Opinião. Celebrar a fuga de Peniche e a liberdade
Passaram ontem 60 anos pela fuga de Peniche. E hoje o Partido Comunista celebra a data no lugar onde tudo aconteceu. Álvaro Cunhal e nove dos seus camaradas (onde se incluíam Manuel Serra, Chico Martins Rodrigues, Jaime Serra e Francisco Miguel) conseguiram realizar a fuga impossível, a que o Estado Novo jamais suspeitaria que alguém pudesse tentar depois do sucesso da tentativa de António Dias Lourenço.
Um ato de coragem e de heroísmo que Dias Lourenço (o homem mais valente que conheci) tinha tido uns anos antes. Escapou-se da solitária e saltou para o mar onde nadou até à vila de Peniche. Sem qualquer ajuda conseguiu escapar-se e provar que tudo era possível, que tudo é sempre possível.

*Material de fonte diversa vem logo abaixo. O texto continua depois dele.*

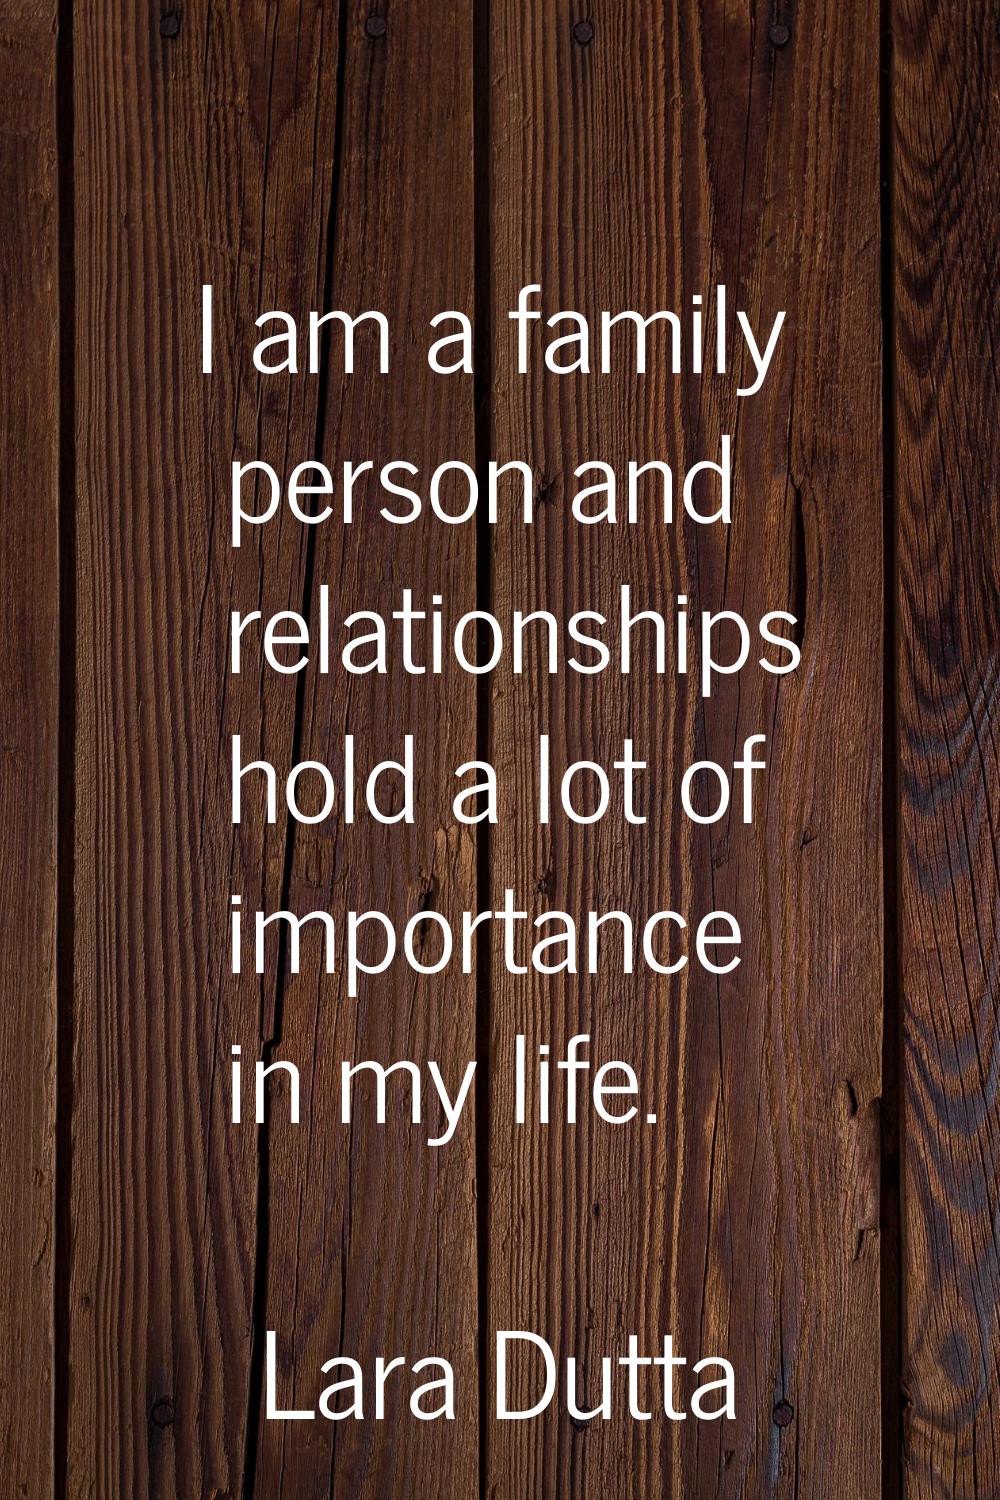 I am a family person and relationships hold a lot of importance in my life.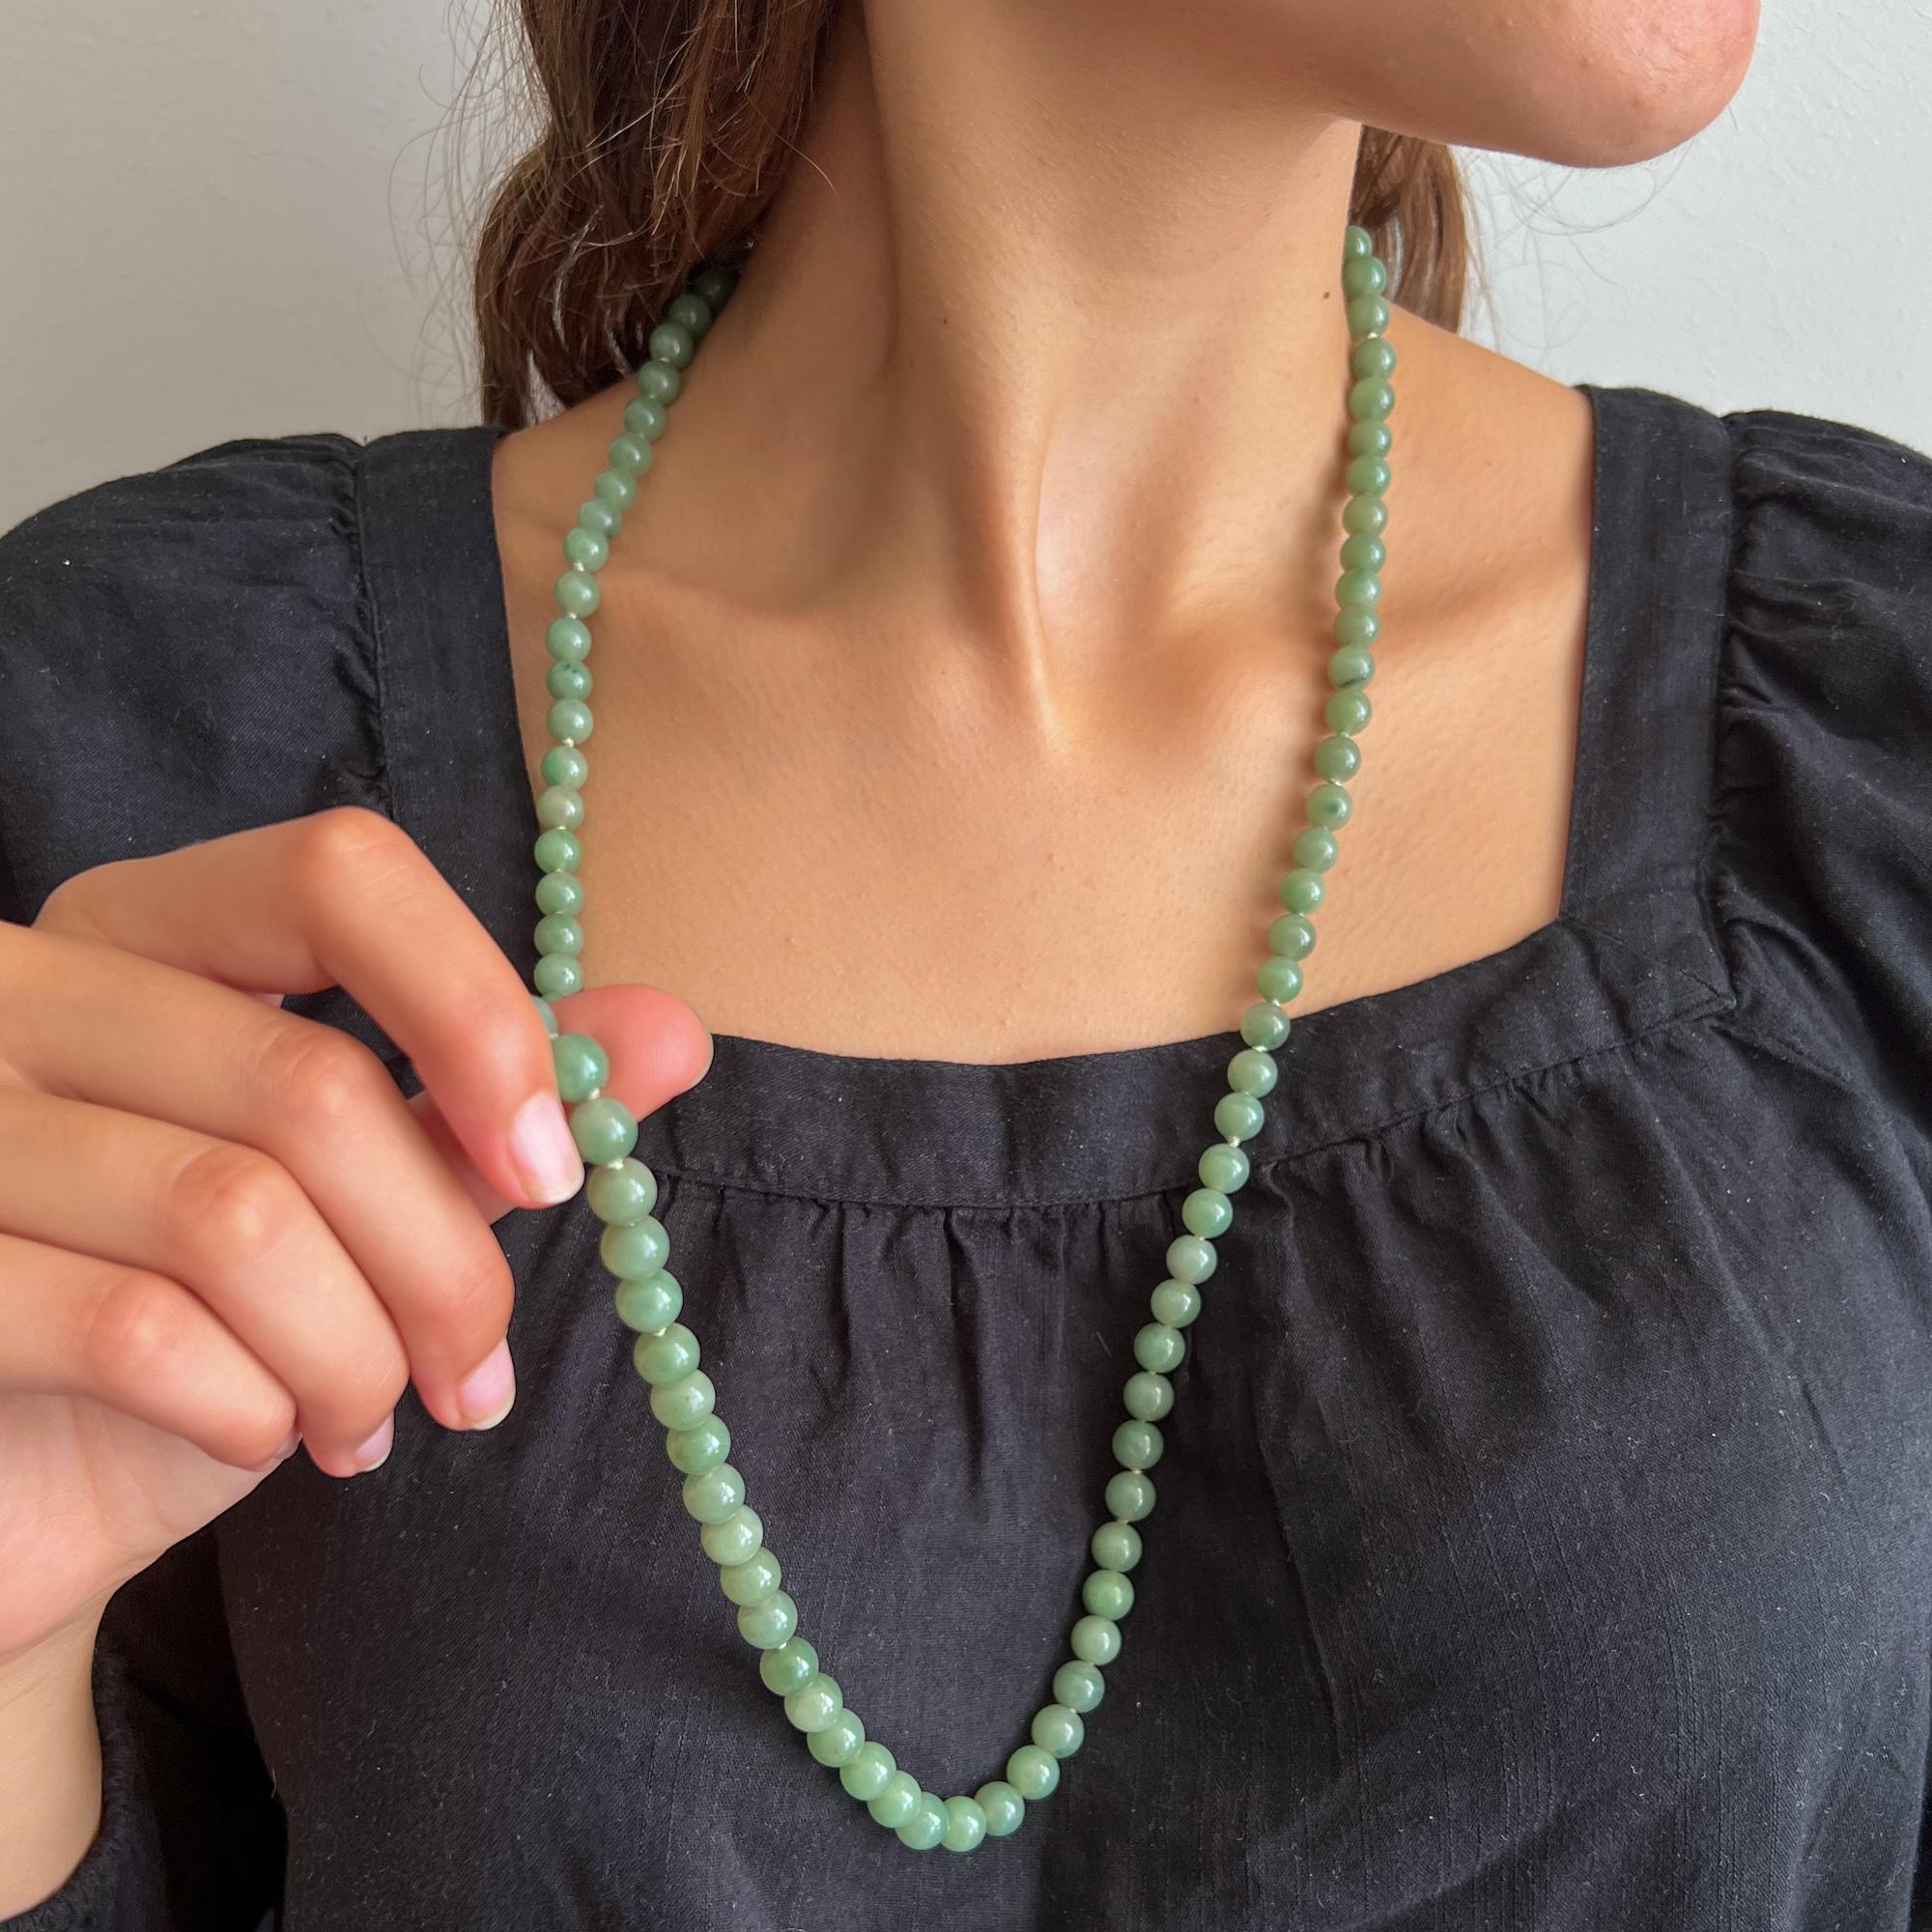 A vintage green jade single-strand beaded necklace with a 14 karat clasp in the shape of a barrel. The necklace consists of beautiful round-shaped jadeite jade stones, the jade beads have a very nice green color. The strands are strung with round

Um ato de heroísmo de Tereso na espetacular fuga no carro blindado de Salazar, em Caxias. Tereso fazendo-se passar por colaborador dos guardas e da PIDE (o que o levou a ser humilhado por pessoas que considerava amigas durante longuíssimas semanas) conseguiu criar as condições para a fuga de oito camaradas que o destrataram nos meses anteriores.
Um ato heróico parecido com o de Edmundo Pedro que entrou no Tarrafal aos 15 anos. Ao seu lado tinha o pai e para trás deixara o irmão, um ano mais velho que, uns meses antes, fora sovado por um polícia numa manifestação de estudantes e viria a morrer no hospital. Edmundo, como me confessou várias vezes, não conseguia esquecer a voz do irmão a gritar “não quero morrer, não quero morrer”. O Edmundo que resistiu 20 dias na tenebrosa “frigideira” que me abstenho de explicar aqui.
Como ato heróico foi o de Alda Magro, Helena Pato e de tantas outras mulheres humilhadas na PIDE. Queimadas nos mamilos, com as unhas arrancadas, obrigadas à tortura do sono ou a estarem cobertas de mijo, merda e sangue da própria menstruação.
Não é bonito, pois não? Sei que não. Mas foi assim que aconteceu. Por isso, tenho respeito pelos comunistas, nunca o tendo sido. E por isso hoje é fundamental celebrar ao lado dos comunistas o sacrifício que tiveram em nome de uma ideia de liberdade. E é por isso que me indigna ver uns fedelhos dizer que devemos é celebrar o 25 de novembro e não o 25 de abril. Fedelhos que nunca tiveram de fazer um sacrifício na vida e que nunca tiveram de arriscar rigorosamente nada – quanto mais a sua vida. Alguém teve de fazer o trabalho sujo. Alguém teve de resistir ao Estado Novo. Com o risco e a morte de muitos. É indecoroso ouvir alguns abrirem a boca para falar do 25 de abril sabendo nós que nunca moveriam uma palha para que a ditadura caísse.
Não sou comunista, mas não me peçam para não os respeitar. Conheço-os. Sei quem foram, quem são. Malta rija que não quebra.